▶ Description of the task
From the line that contains "Rot, Grün 3" to the final line below, both included, print each line exactly and skip the pictures.

▶ Data shown
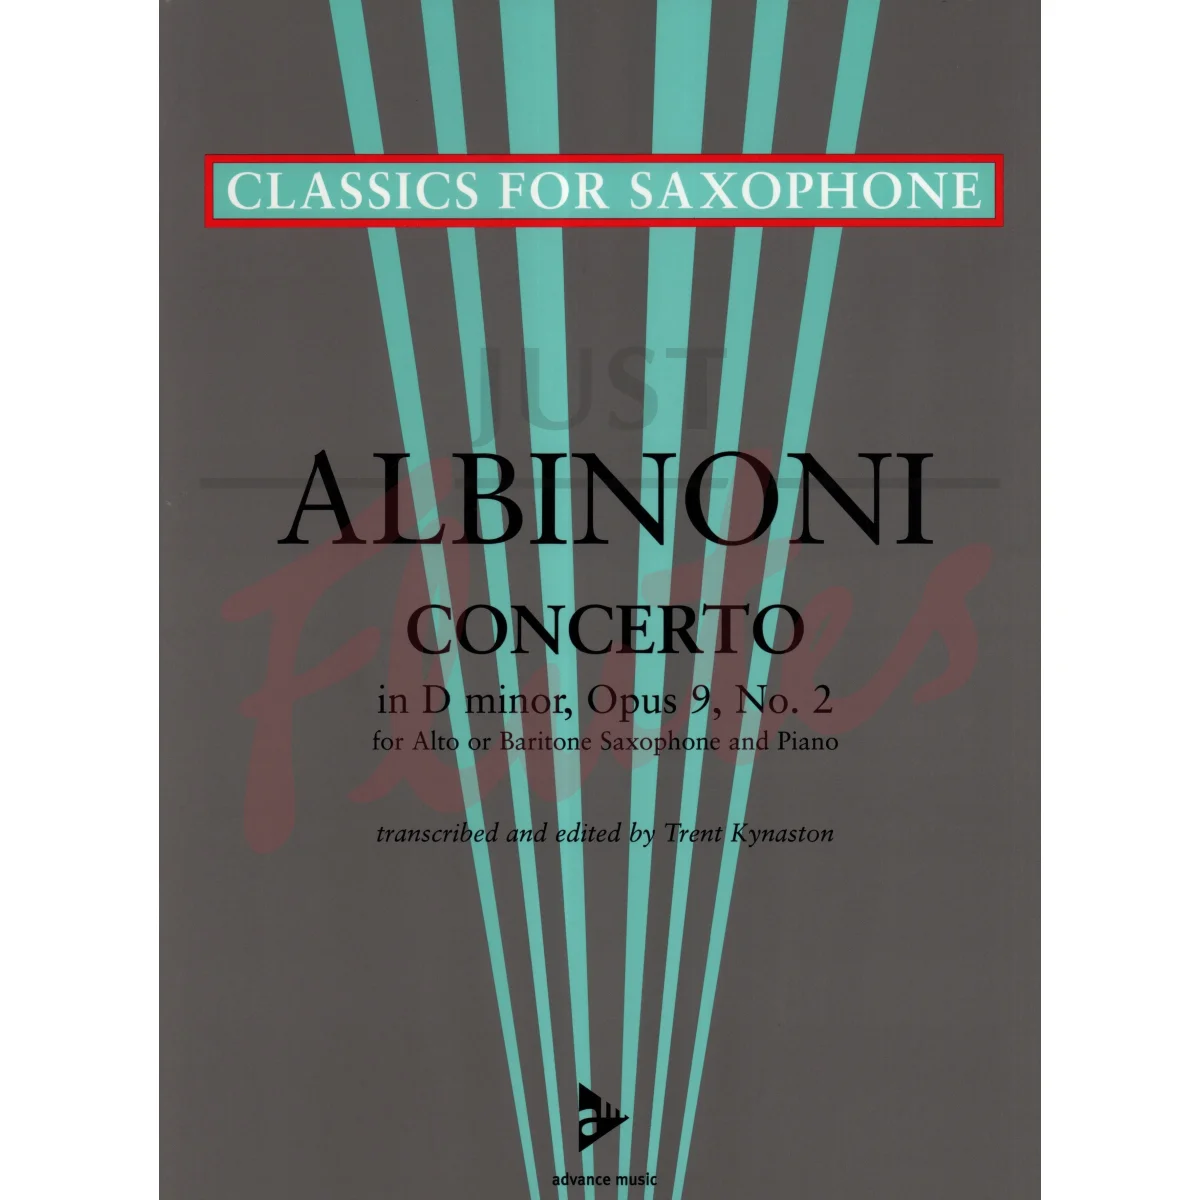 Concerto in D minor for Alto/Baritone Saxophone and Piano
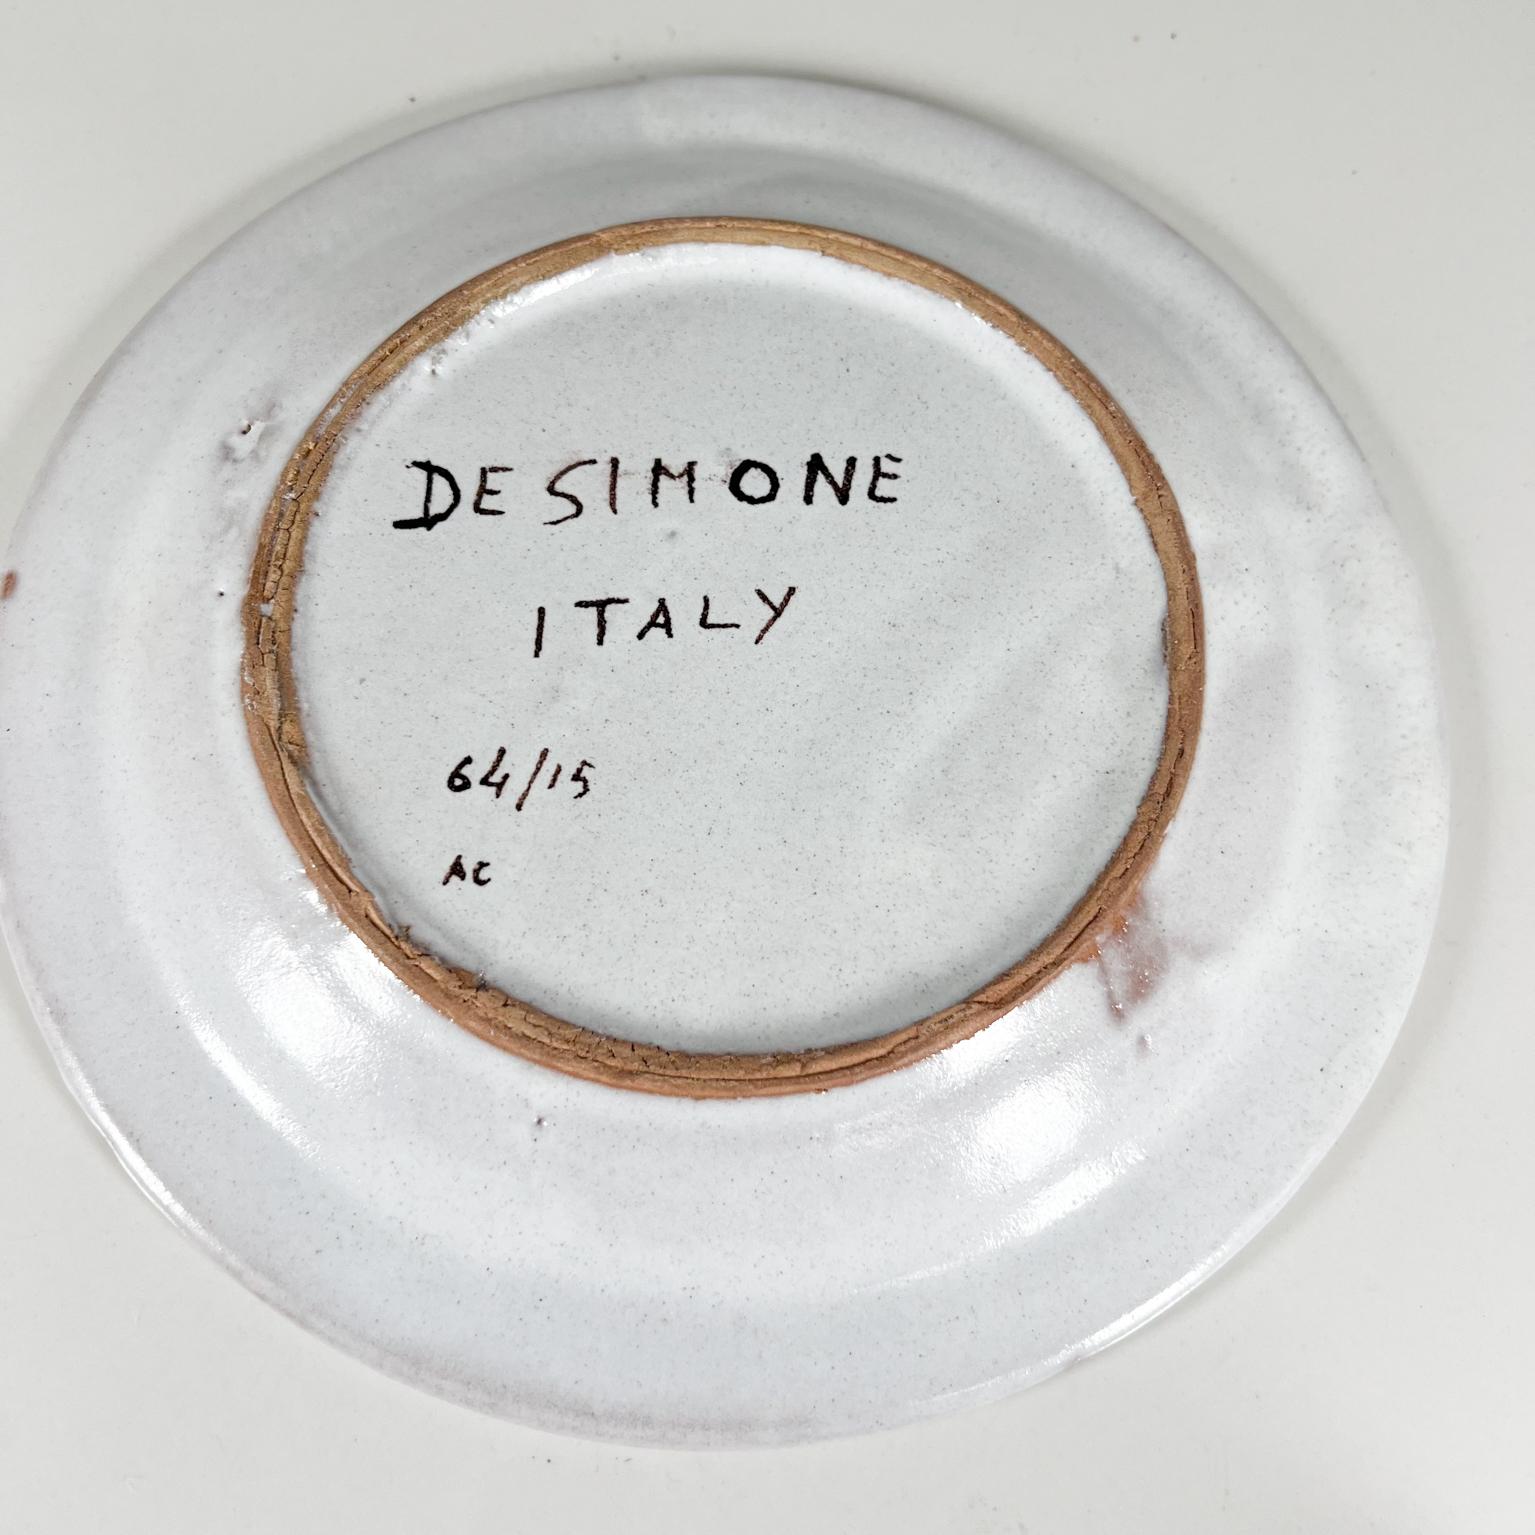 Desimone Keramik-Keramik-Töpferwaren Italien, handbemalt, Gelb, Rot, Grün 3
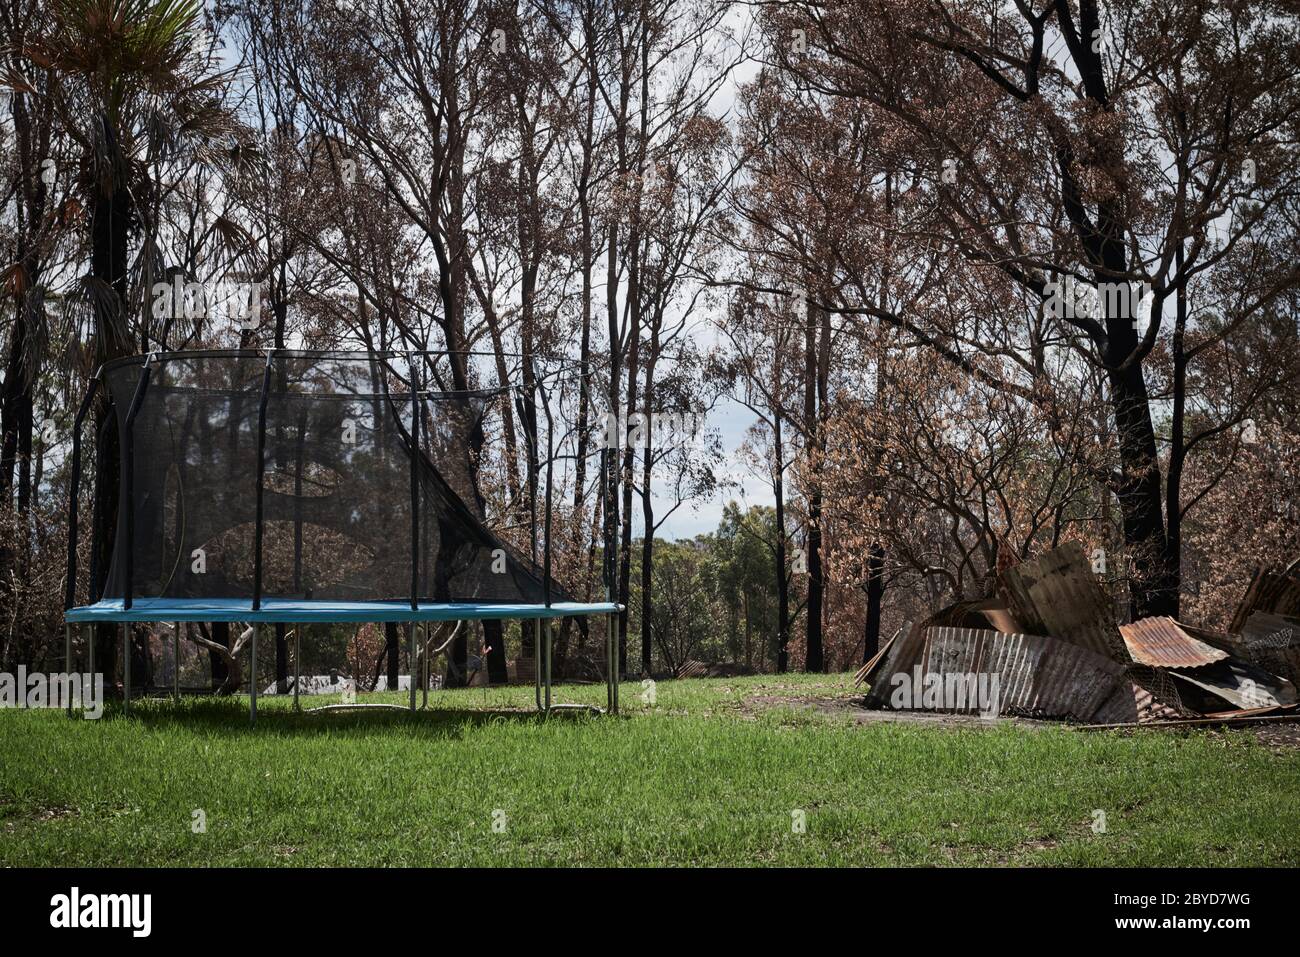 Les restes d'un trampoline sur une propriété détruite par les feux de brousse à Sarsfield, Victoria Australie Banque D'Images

▶ Answer
 Desimone Keramik-Keramik-Töpferwaren Italien, handbemalt, Gelb, Rot, Grün 3
 Les restes d'un trampoline sur une propriété détruite par les feux de brousse à Sarsfield, Victoria Australie Banque D'Images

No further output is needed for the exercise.